The cold November wind whips my hair around and stings my face. I know that I should keep moving if I want to prevent a bullet ending my life, but I've been stopped short by the dizzying climb that waits below me. My breath gets short and quick, and I break out into a cold sweat. I can't do this. I'll fall to my death, just like she did…

She stands on a bridge, arms outstretched, like a bird's wings- a graceful bird about to take flight. Running, screaming as loud as I can… no stop stop please… and then-

But my thoughts are interrupted by a massive shove from behind, and I go tumbling out of the window on to the fire escape below. The wind is knocked out of me, and I gasp for air as Williams follows me out. He then wrenches me up and hisses at me to get moving. I try to swallow down my blinding fear. Don't look down, don't look down, I instruct myself, but of course, I do, and a wave of terror passes over me. I repress it. There's no time for that now.
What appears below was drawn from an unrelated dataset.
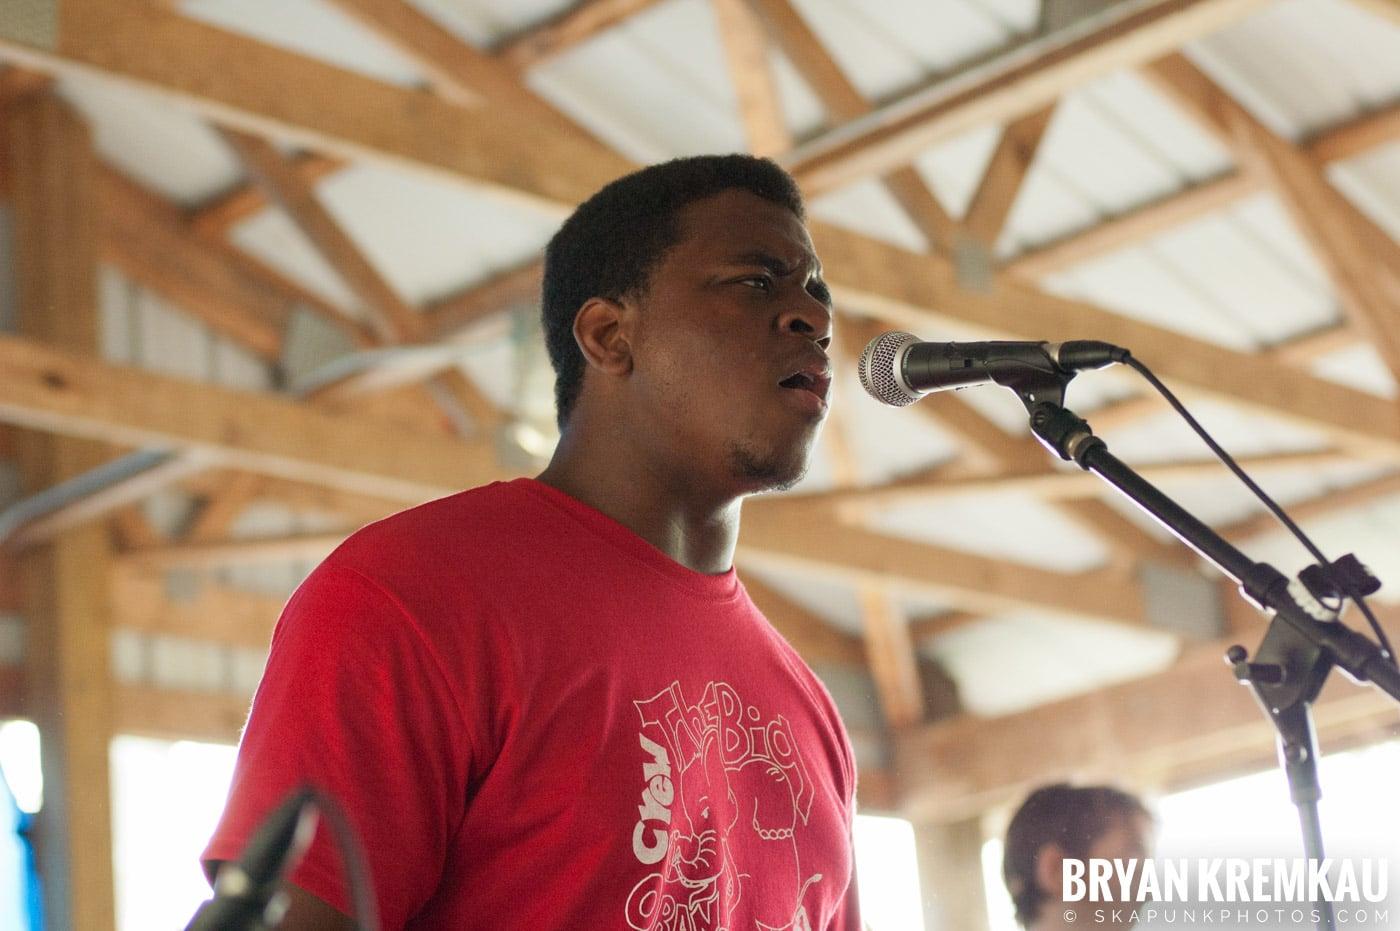 The Wendels @ The Big Orange Bonanza, Circleville, NY - 6.2.07 (5)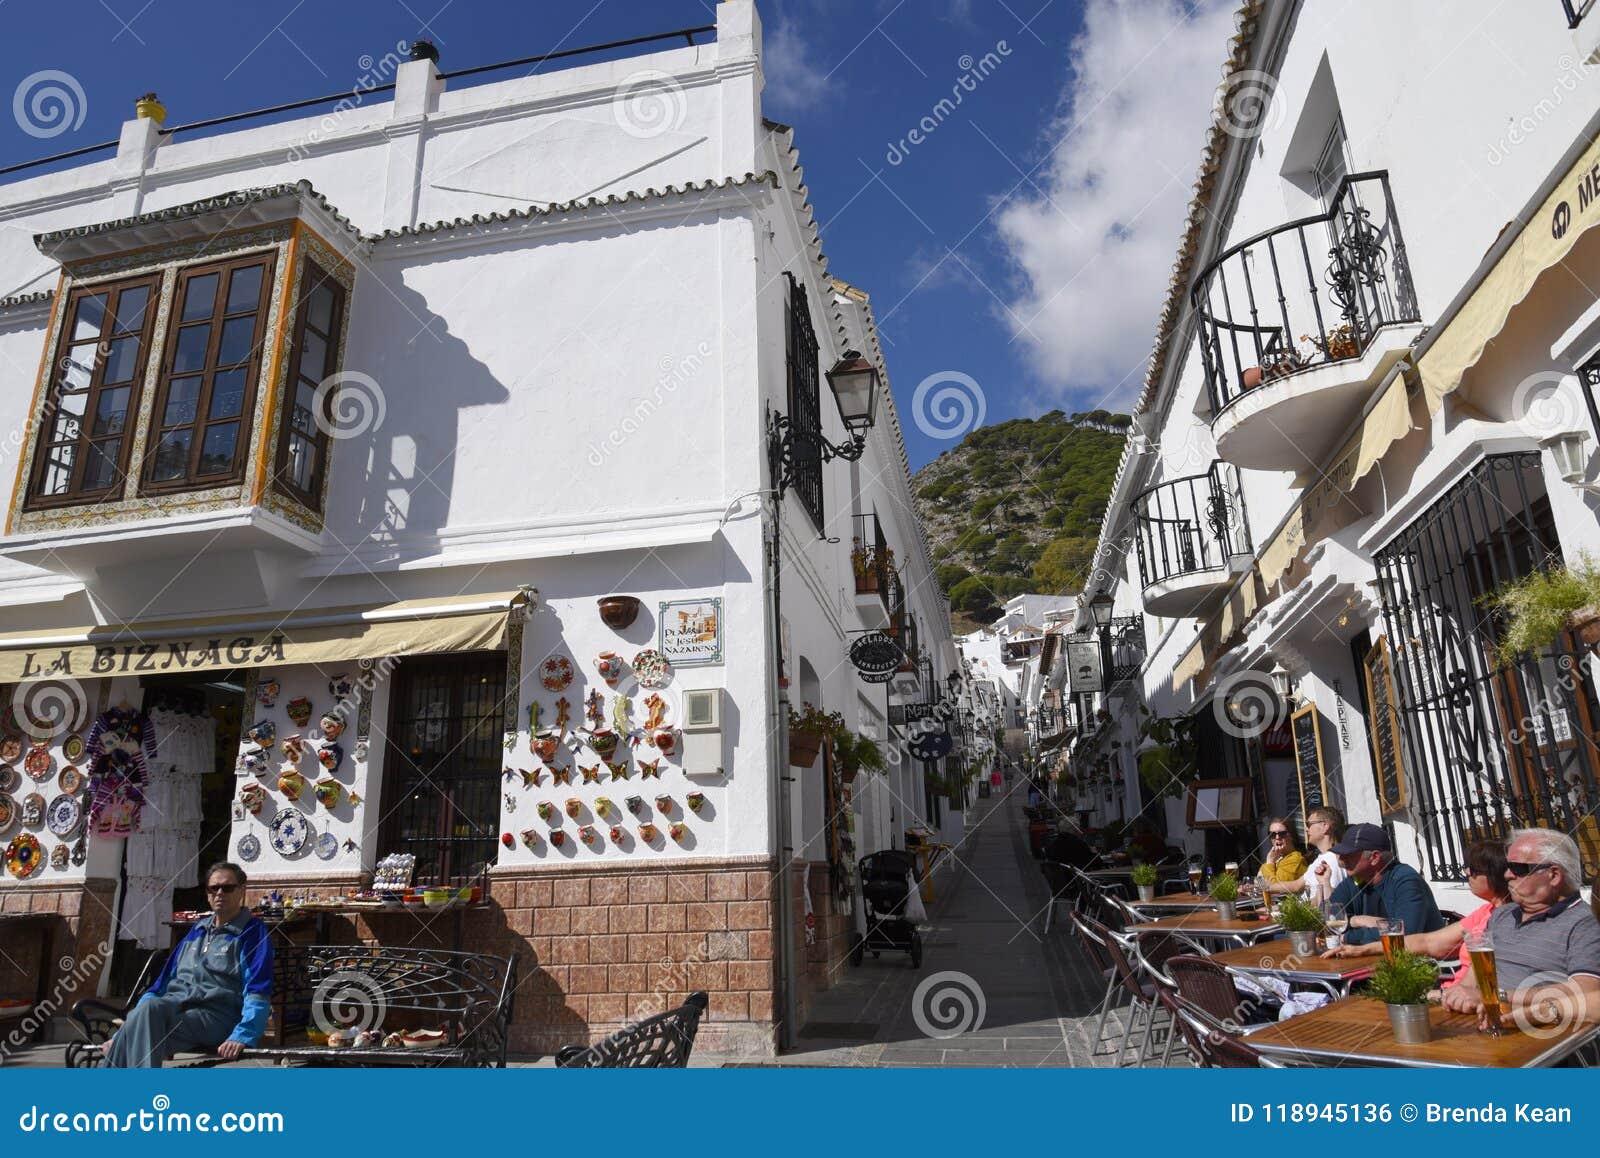 San Sebastian Street In Mijas dans les montagnes au-dessus de Costa del Sol en Espagne

As we make our way down the ladder, I see people bursting out of the front doors: the men who had been in the classroom, accompanied by a various assortment of administrators are now running around the grass, shouting at each other. One of them has his gun out.

When we reach the 3rd floor landing on the fire escape, Williams yanks me closer, thinking that this will protect him against potential gunfire as we get nearer to the line of fire. He couldn't be more wrong, and he didn't take into consideration my complete and utter lack of coordination.

His sudden, unannounced movement causes me to stumble, losing my balance, and we both pitch forward over the side of the fire escape. I thrust my arm out as I fall and manage to grab on to the side. I hear the gun fall and clatter to the ground below. For a split second, I think I'm safe, but then a weight pulls painfully at my left leg as Williams holds on for dear life. I grunt in pain, and try to shake him off, but his sense of self-preservation won't enable him to let go.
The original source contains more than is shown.